Mass. Charges Students With Civil Rights Violations

Ten Boston middle school students are the subject of a civil rights complaint filed by the Massachusetts attorney general, who alleges that they attacked fellow students because of their race and ethnicity.

The accused—seven black girls, one Hispanic girl, and two black boys all between the ages of 12 and 14— allegedly ganged up on and verbally and physically assaulted other students, including a white girl, two Afghan girls, and a girl from Liberia.

A Feb. 27 attack outside the 750-student Grover Cleveland Middle School in the city’s Dorchester section left one of the Afghan students with a broken arm, black eyes, and bruises on her face.

The complaint, filed in Suffolk Superior Court, seeks an injunction that would prohibit the 10 former and current Grover Cleveland students “from assaulting, intimidating, or threatening any person because of their actual or perceived ethnic or racial background.”

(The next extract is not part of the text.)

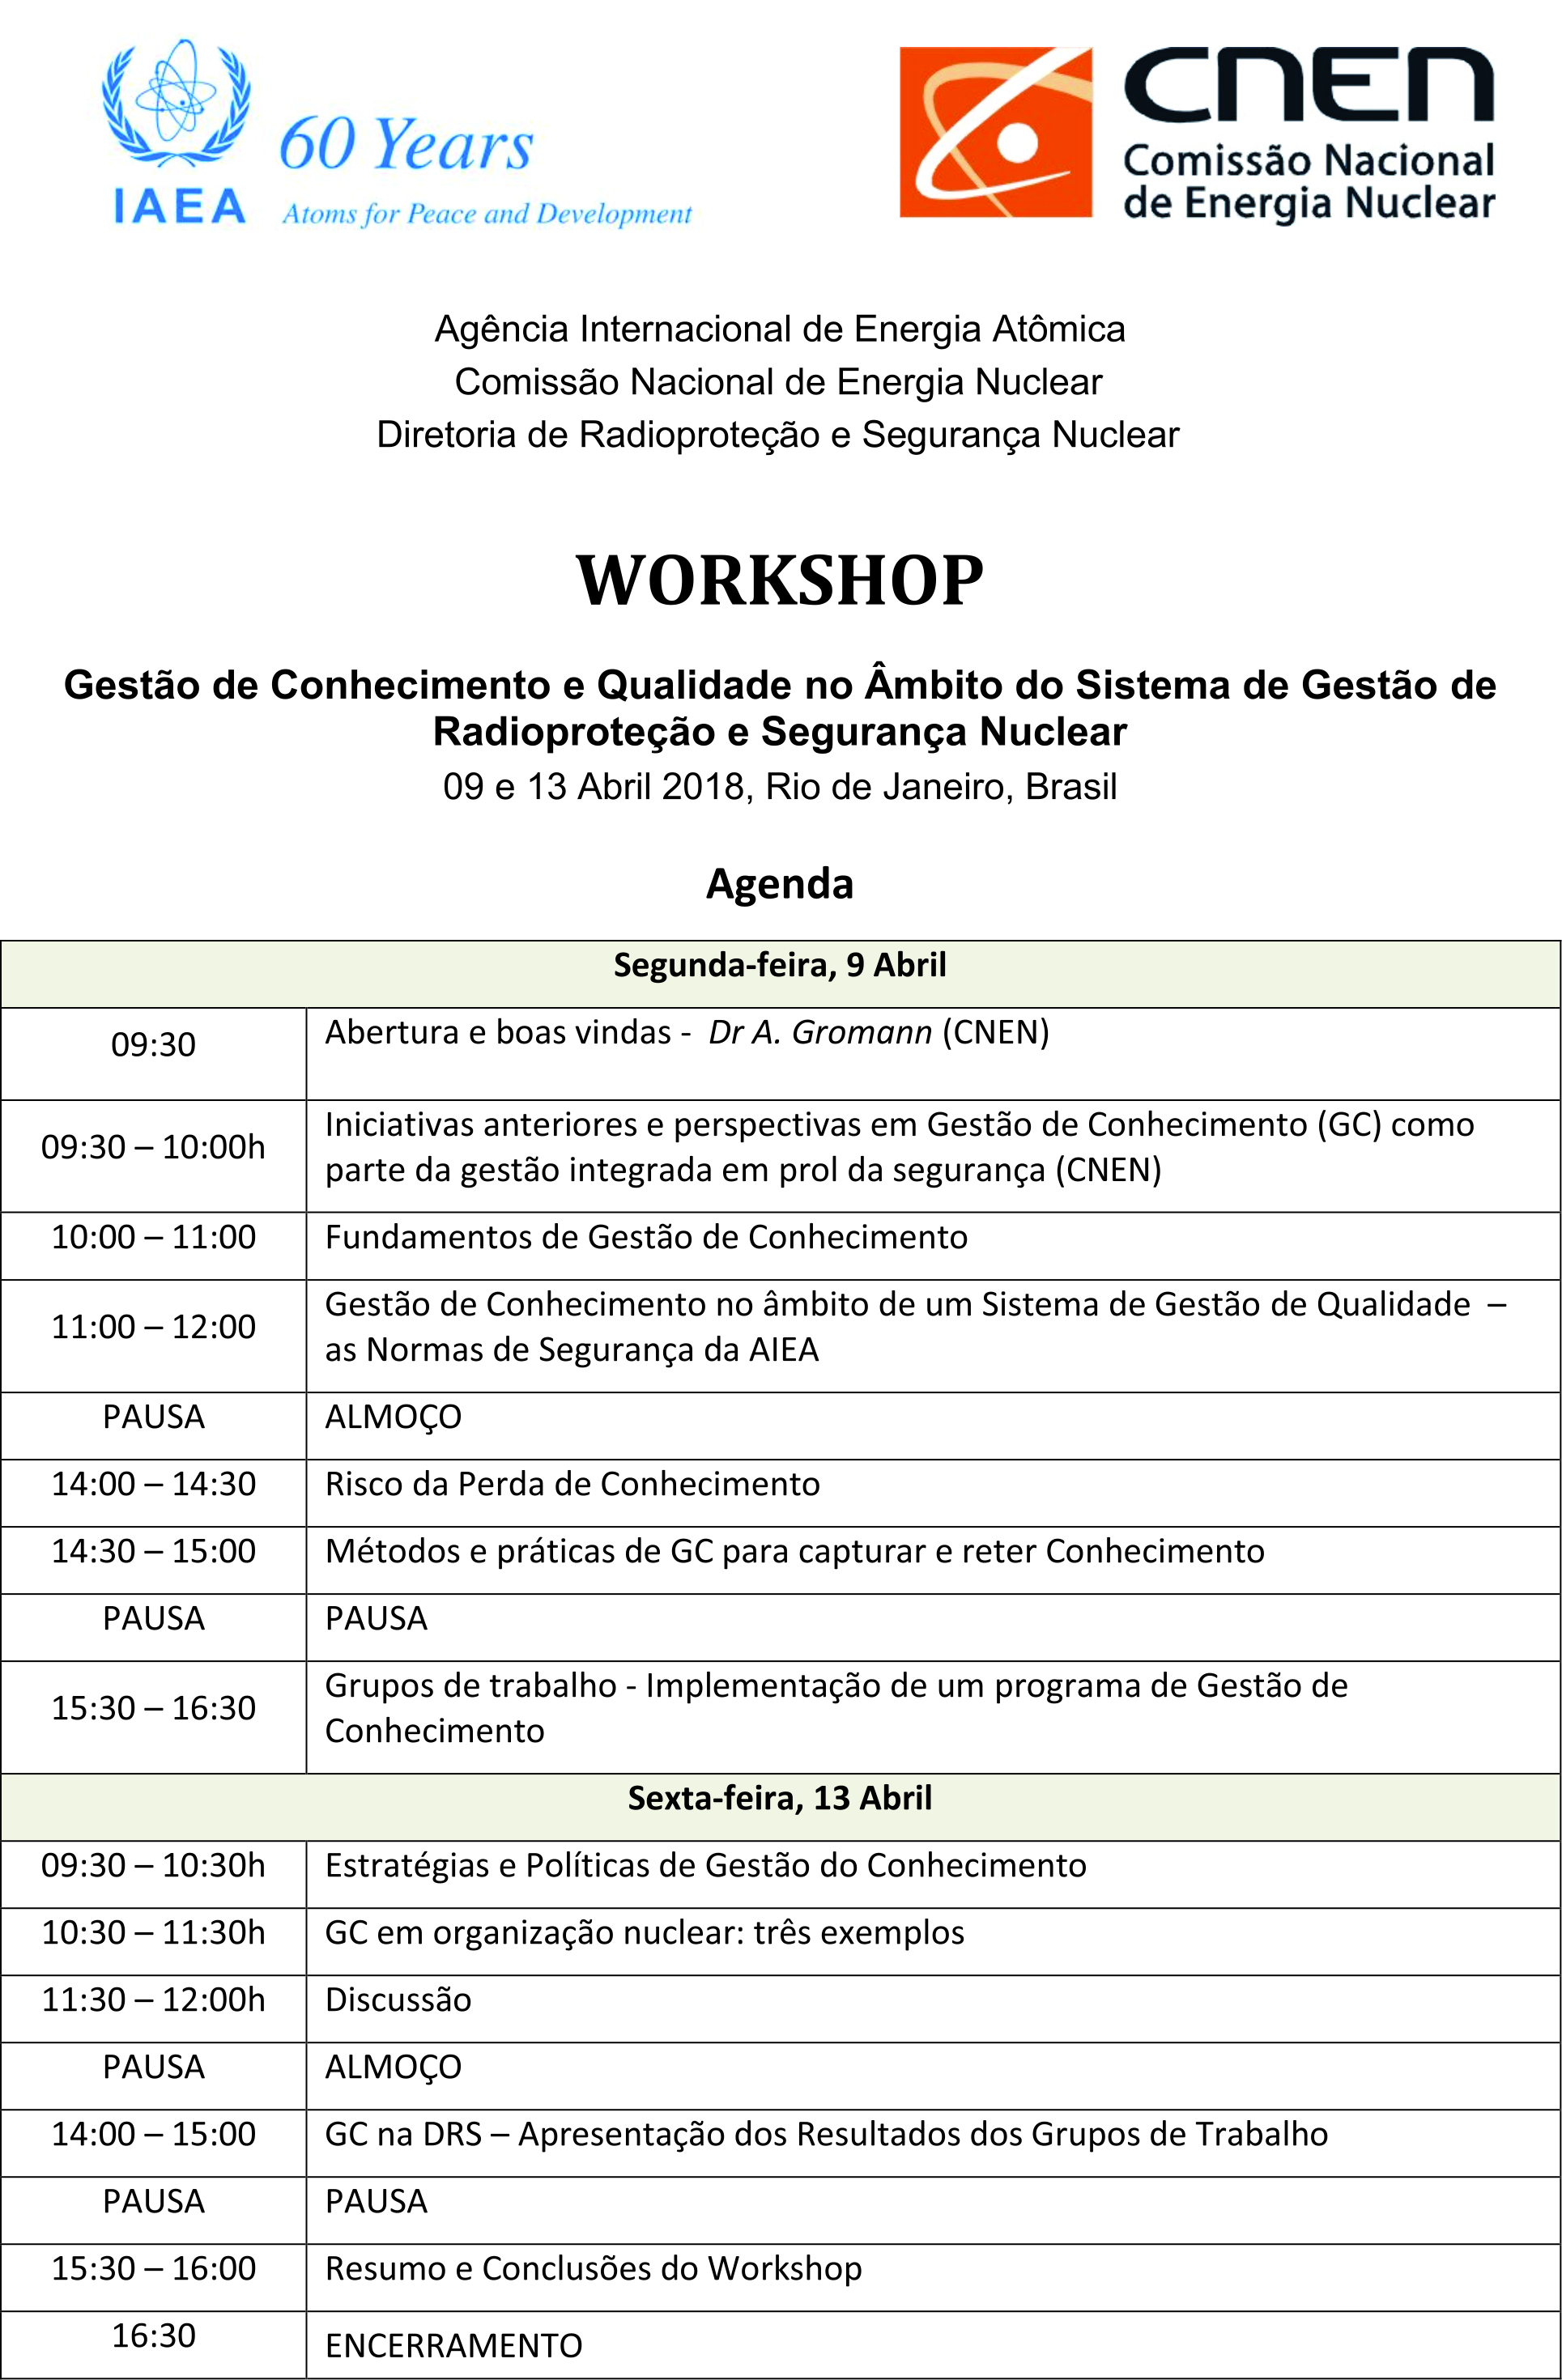 Agenda workshop CNEN DRS 9 e 13 versão 2

The state attorney general’s office also said the alleged assailants face criminal charges.

—Darcia Harris Bowman

ACLU Sues N.M. District Over Teachers’ Suspensions

The American Civil Liberties Union of New Mexico has filed a lawsuit against the Albuquerque school district on behalf of four educators who were suspended last month for posting anti-war messages in their classrooms or offices. (“War Lessons Call for Delicate Balance,” March 26, 2003.)

Filed in U.S. District Court on April 18, the suit alleges that the teachers’ First Amendment rights were violated. It asks for back pay and the removal of letters of reprimand from their employment files.

The teachers at Rio Grande and Highland high schools and a counselor for the district were each suspended for up to several days for violating the district’s policy on handling controversial issues.

The district was in the process of reviewing the teachers’ appeals of the suspensions, according to spokesman Rigo Chavez, who called the lawsuit “unfortunate.”

—Kathleen Kennedy Manzo

Federal Judge Orders District To Allow Clubs to Meet

The school board in Boyd County, Ky., had not decided last week whether to appeal a federal judge’s injunction permitting a Gay-Straight Alliance to meet at the local high school.

U.S. District Judge David Bunning in Ashland ruled on April 18 that Boyd County High School must allow the alliance and other school clubs to start meeting. In December, following weeks of controversy over the club, the school board voted to suspend all clubs in the district. (“Ky. Protests Highlight Increasing Visibility of Gay-Straight Clubs,” Nov. 27, 2002.)

The preliminary injunction was requested by the American Civil Liberties Union, which argued that the ban was an unconstitutional attempt to shut out students who sought to form the gay-straight group and violated state and federal law.

Bill Capehart, the superintendent of the 3,500-student district, said last week that the preliminary injunction expires on June 13, the last day of the school year. The school board is set to discuss whether to appeal the decision at its May 5 meeting.